### SOURCE INFORMATION
○ ○ ○ ○
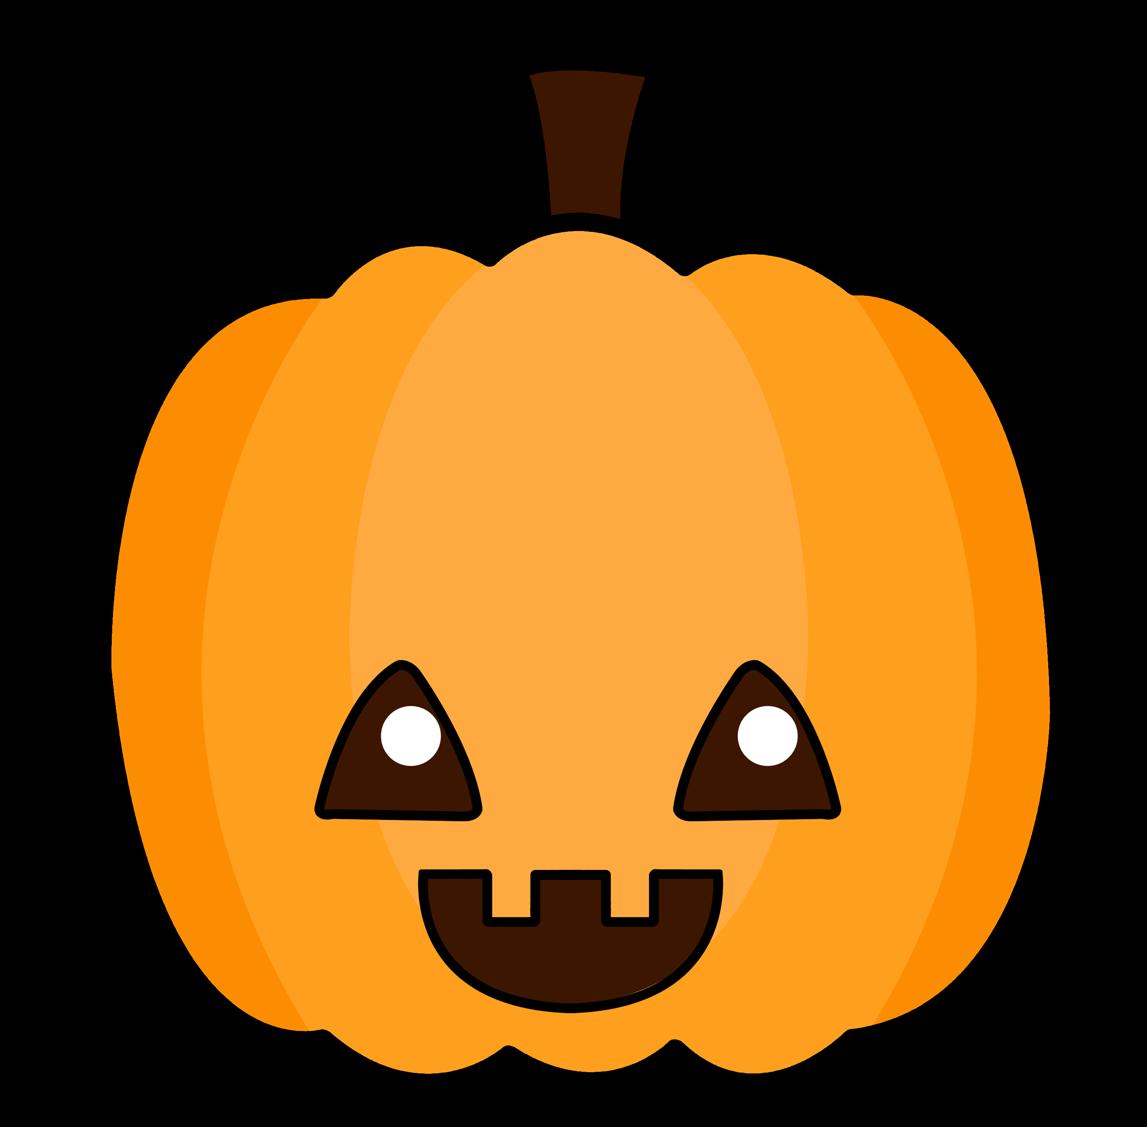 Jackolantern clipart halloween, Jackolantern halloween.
○ ○ ○ ○
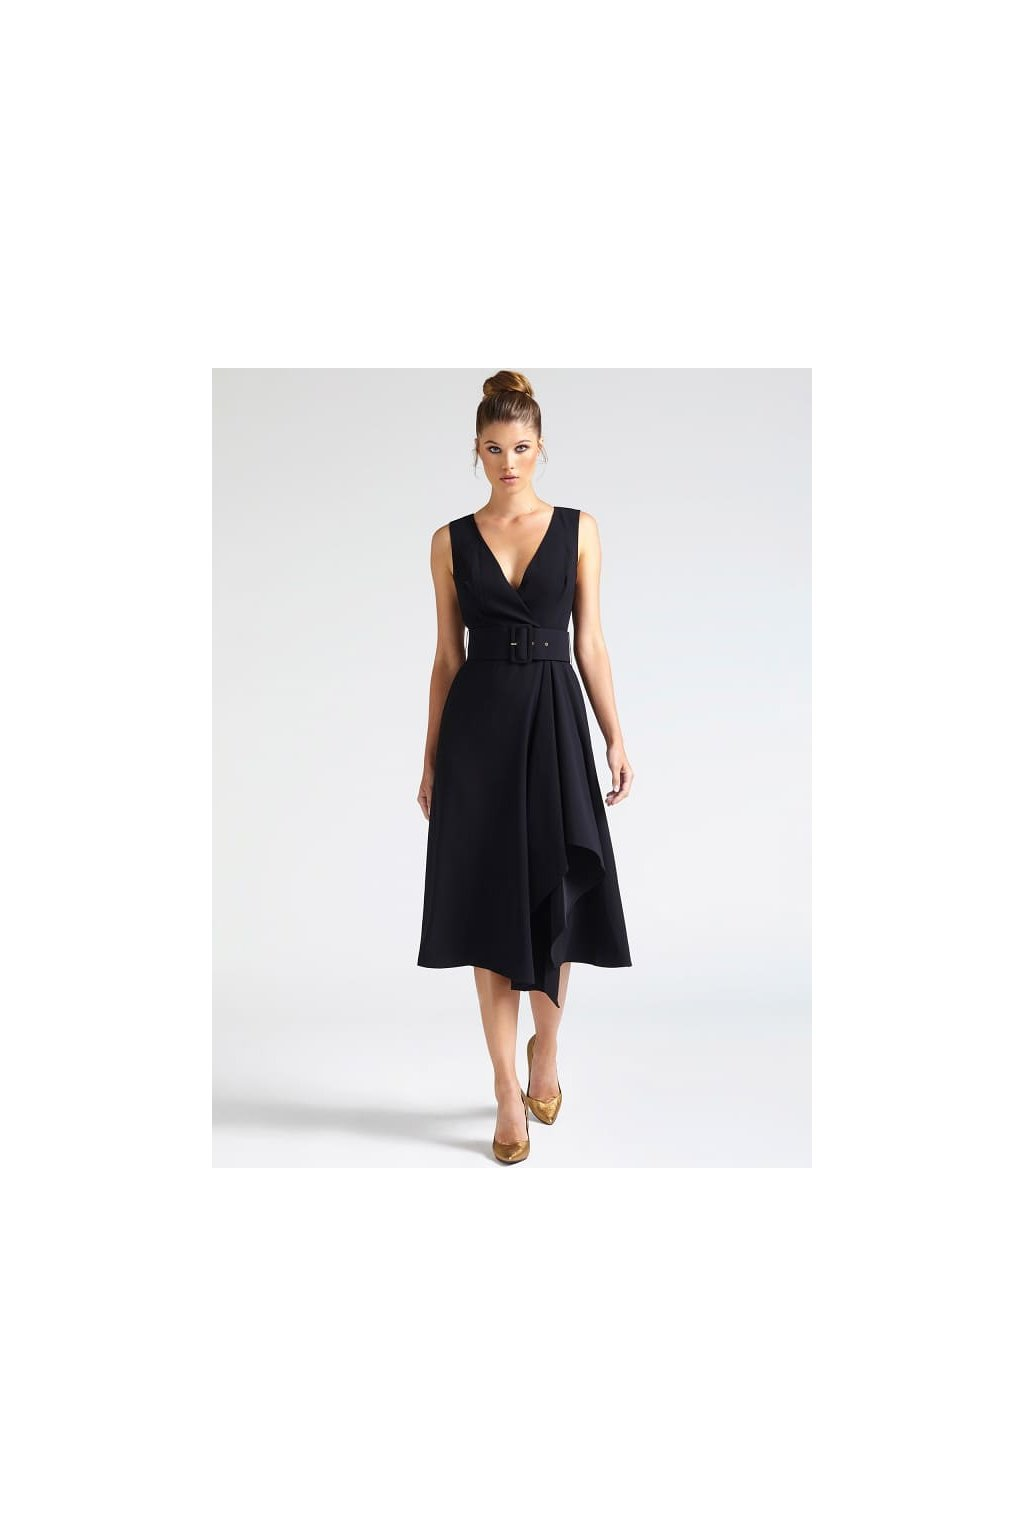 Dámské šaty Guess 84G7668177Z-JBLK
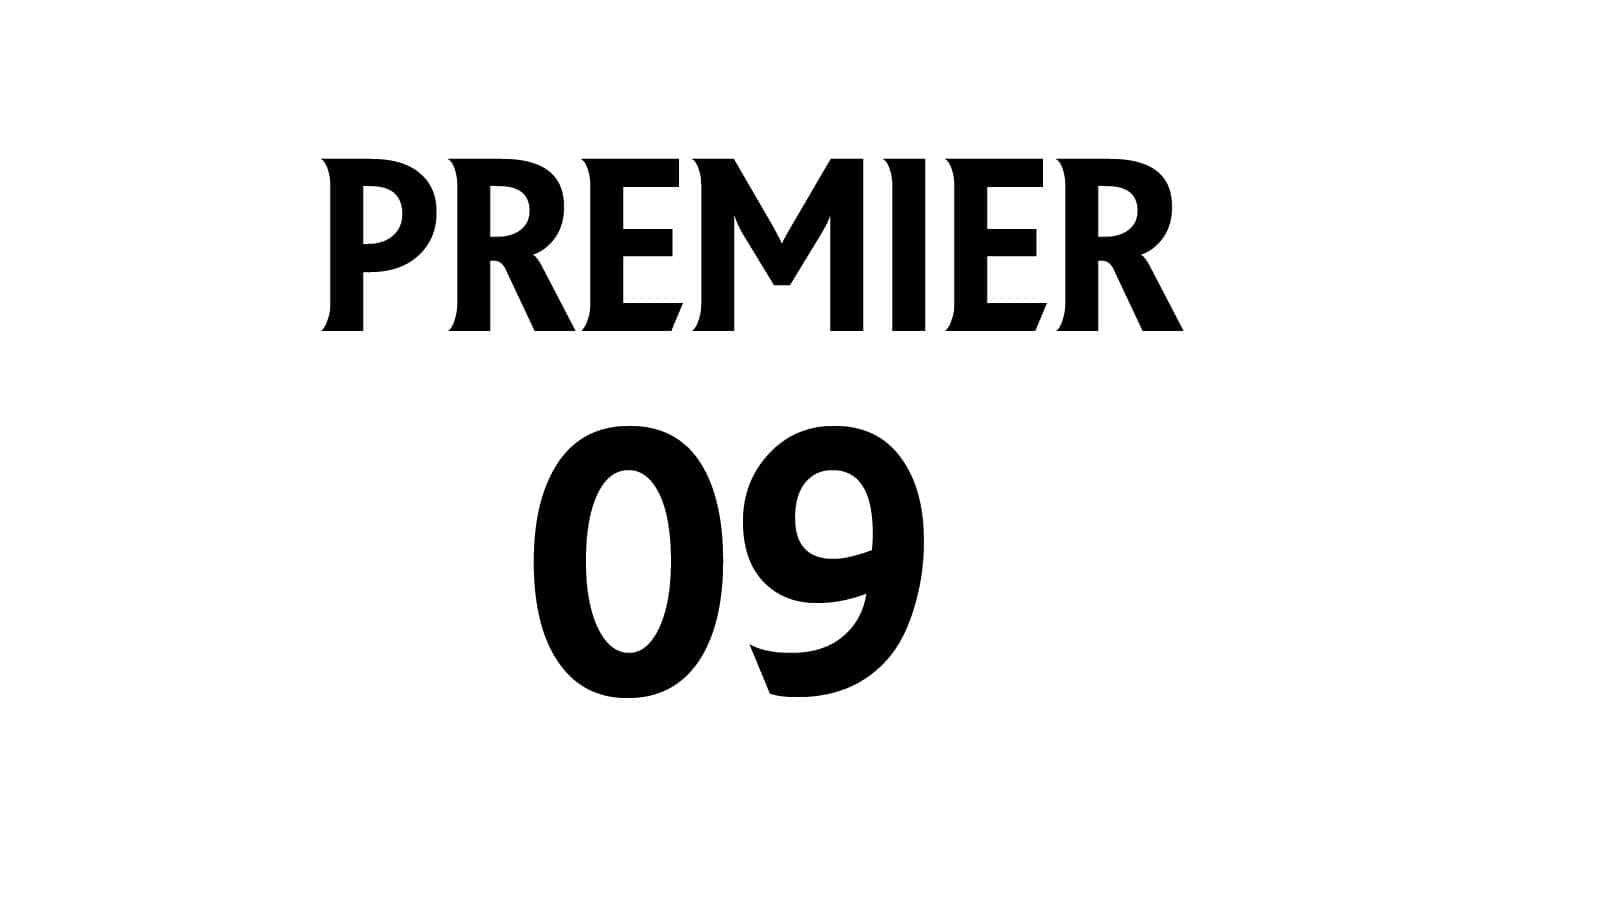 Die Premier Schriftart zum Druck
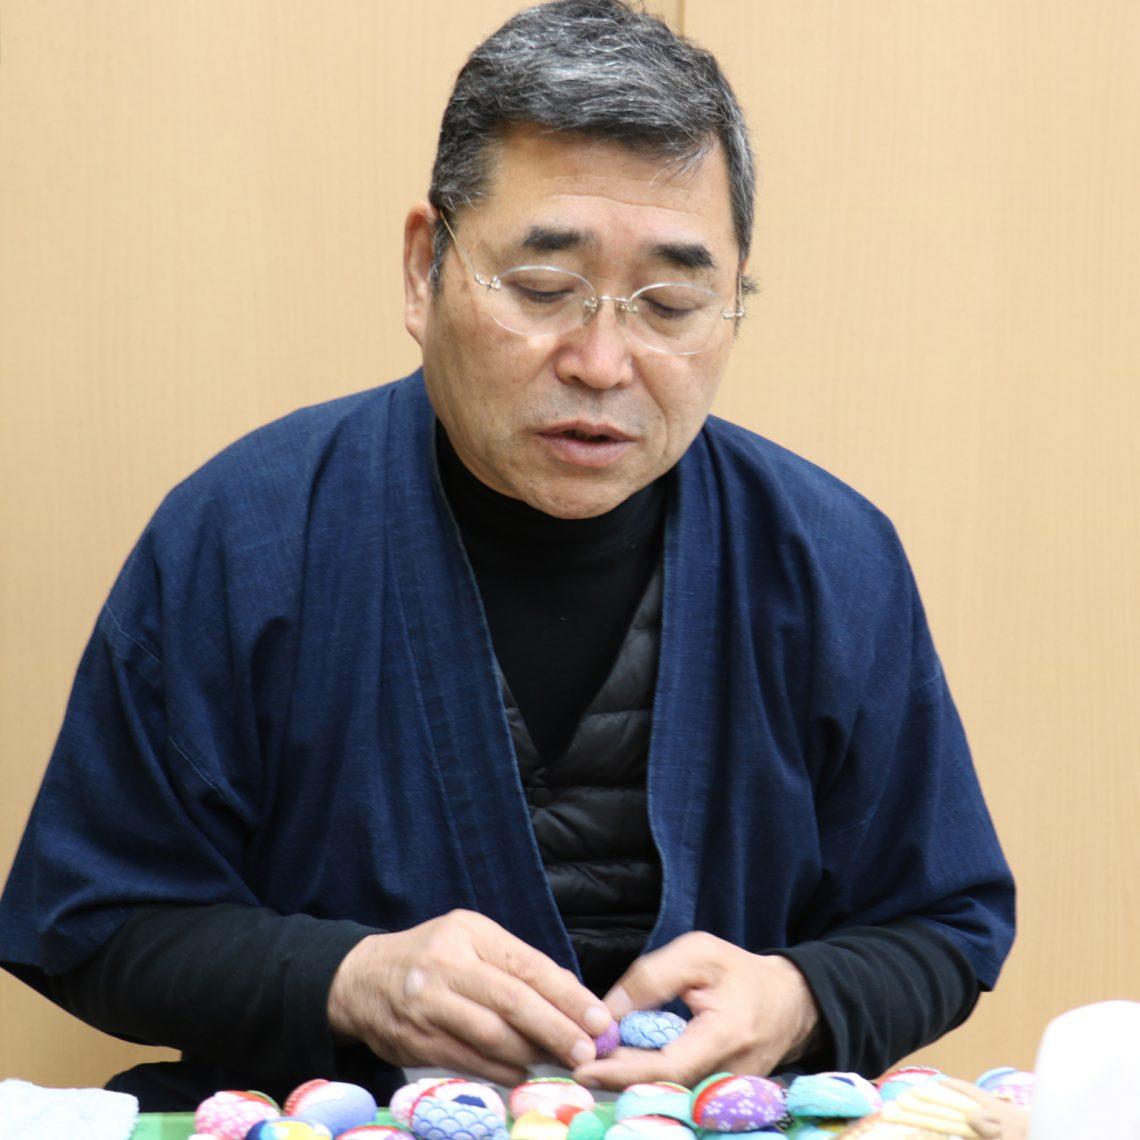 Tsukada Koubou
○ ○ ○ ○
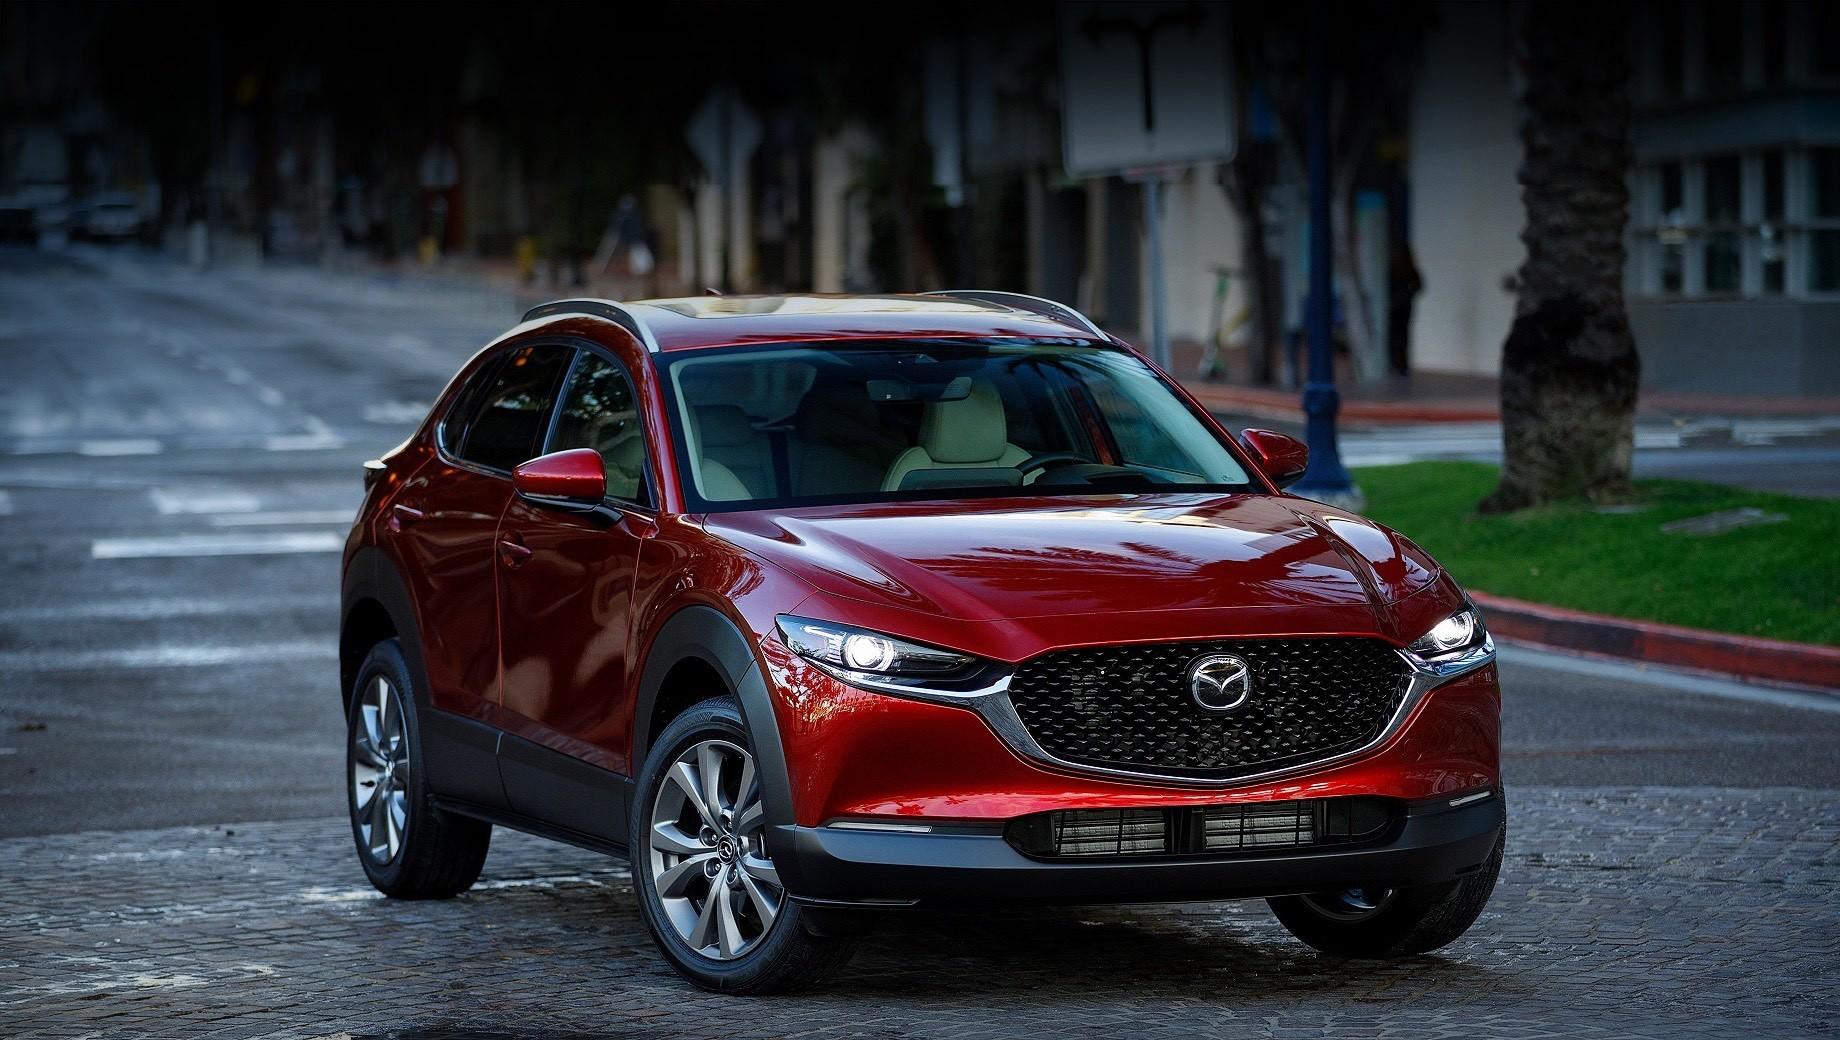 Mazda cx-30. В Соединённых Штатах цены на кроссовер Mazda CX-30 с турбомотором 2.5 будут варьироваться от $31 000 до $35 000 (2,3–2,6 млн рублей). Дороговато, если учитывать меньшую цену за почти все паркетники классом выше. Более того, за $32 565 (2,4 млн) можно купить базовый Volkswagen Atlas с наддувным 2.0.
○ ○ ○ ○
### AIM OF THE EXERCISE
Nothing but the lines from the one containing "Dámské šaty Guess 84G7668177Z-JBLK" through the one containing "Tsukada Koubou" should appear, copied exactly from the material above and without pictures.

### ANSWER FOR THIS EXERCISE
 Dámské šaty Guess 84G7668177Z-JBLK
 Die Premier Schriftart zum Druck
 Tsukada Koubou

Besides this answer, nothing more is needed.